The third offshore LNG terminal to receive federal approval, Gulf Landing, has been proposed by Shell. The energy giant's plans call for constructing the concrete, gravity-based structure in 55 feet of water, about 38 miles from Cameron, Louisiana. Although the 1bn cf/d terminal would be the first Shell-operated LNG depot in the US when it comes on stream in late 2008 or 2009, the company already owns rights to a third of the 0.75bn cf/d capacity of Cove Point, the largest of the onshore LNG terminals, and all of the capacity of a 360m cf/d expansion scheduled for completion next year at another terminal, near Savannah, Georgia.
Main Pass Energy Hub will become the country's second offshore LNG terminal when it starts up in late 2007, off the Louisiana coast. McMoran Energy will develop the 1bn cf/d facility using an existing platform that has been idle since the firm shut down sulphur-mining operations there in 2000. As well as building conventional cryogenic storage tanks, the firm will develop a massive salt cavern that lies below the terminal, which would boost its peak delivery capability to 2.5bn cf/d. HNG Storage also intends to use salt-dome storage, which is significantly less expensive than conventional, above-ground cryogenic storage tanks, at its Freedom LNG Terminal, offshore central Louisiana.

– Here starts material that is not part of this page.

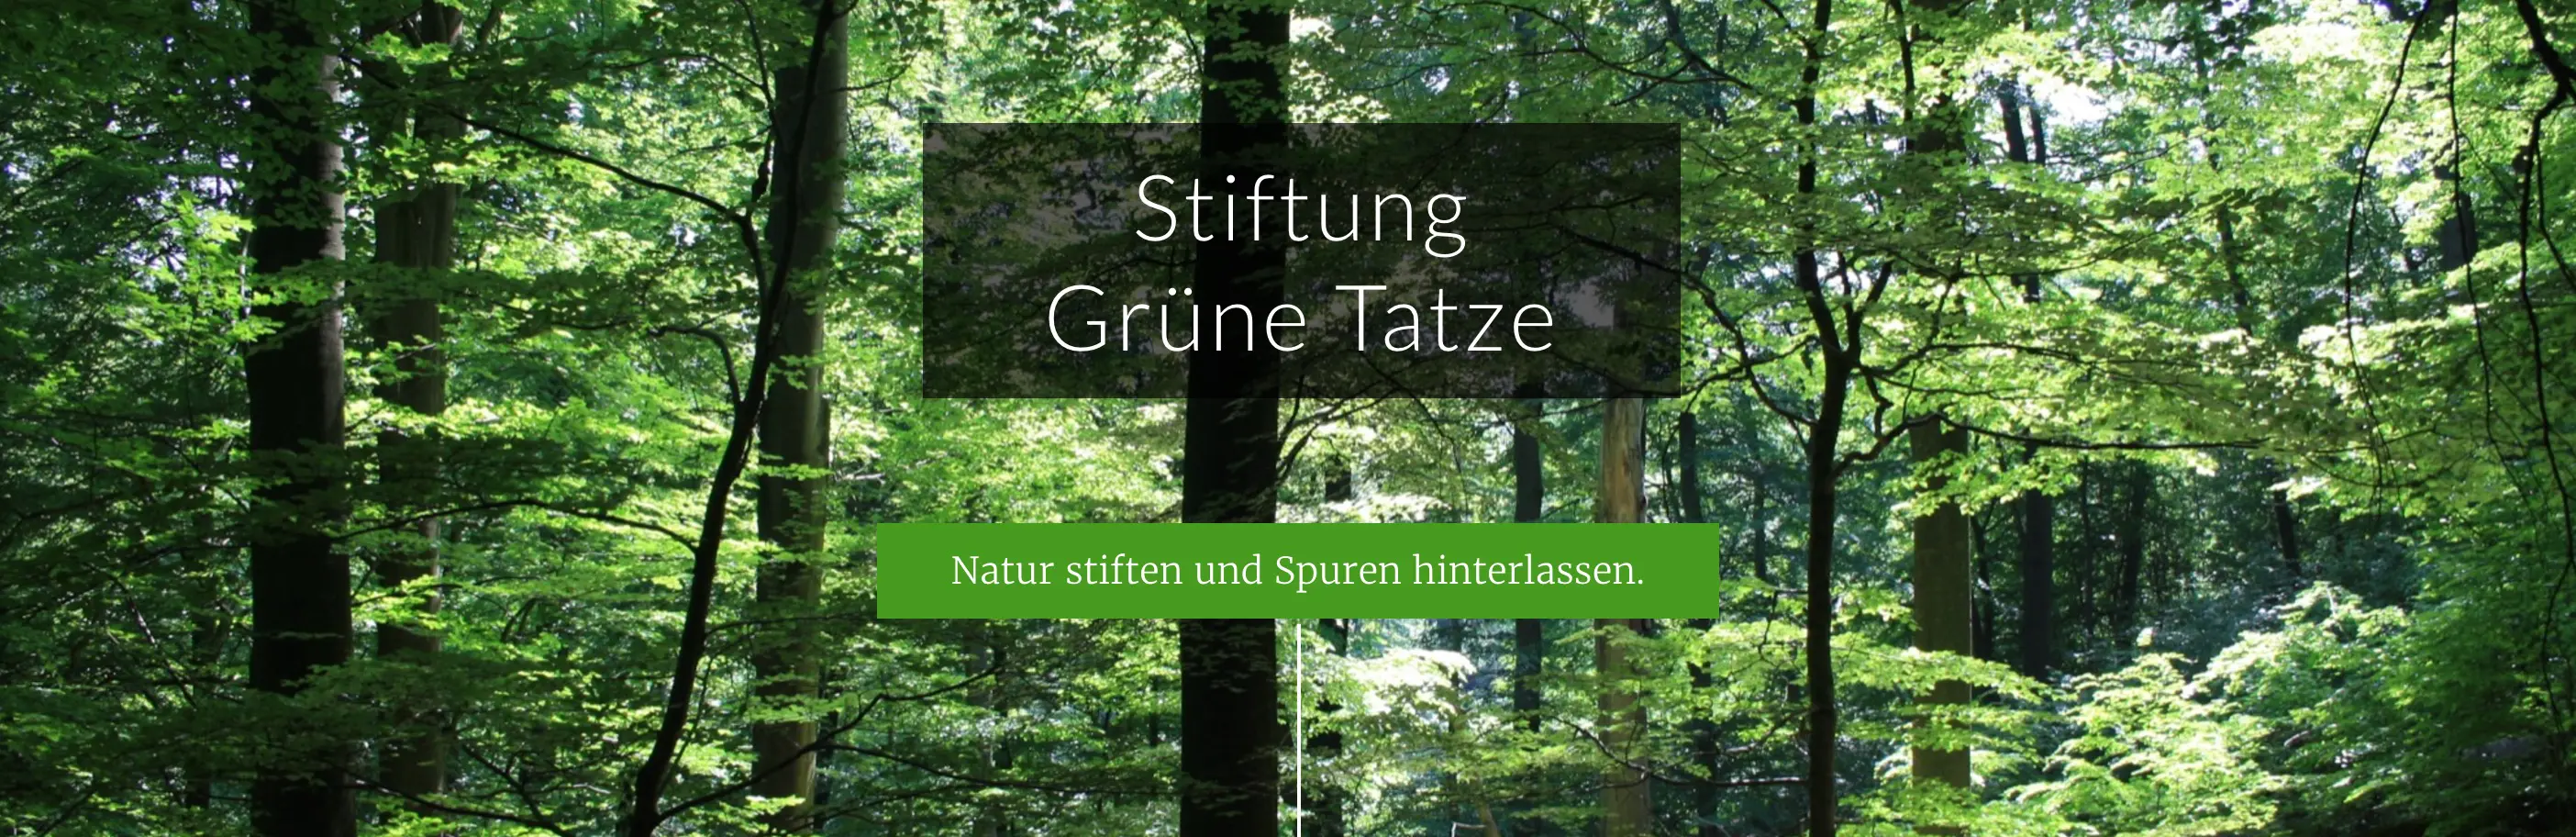 Stiftung Grüne Tatze

At least three other LNG-import facilities have been proposed for the Gulf of Mexico, including ConocoPhillips' Beacon Port and Compass Port terminals, and ExxonMobil's Pearl Crossing. In addition, two projects are planned to store and recondition LNG offshore Oxnard, California: Crystal Energy plans to convert an abandoned oil platform into a facility for regasifying LNG from Alaska; and BHP Billiton intends to complete construction of its Cabrillo Port facility in 2008.
In addition to LNG terminals proposed offshore the US east, west and Gulf coasts, facilities planned off Mexico and the Bahamas will help to meet the US' growing gas demand. All the proposed terminals are scheduled to start up by 2010, by when, the EIA claims, US LNG imports, which totalled about 229bn cf in 2002, will exceed 2.2 trillion cf.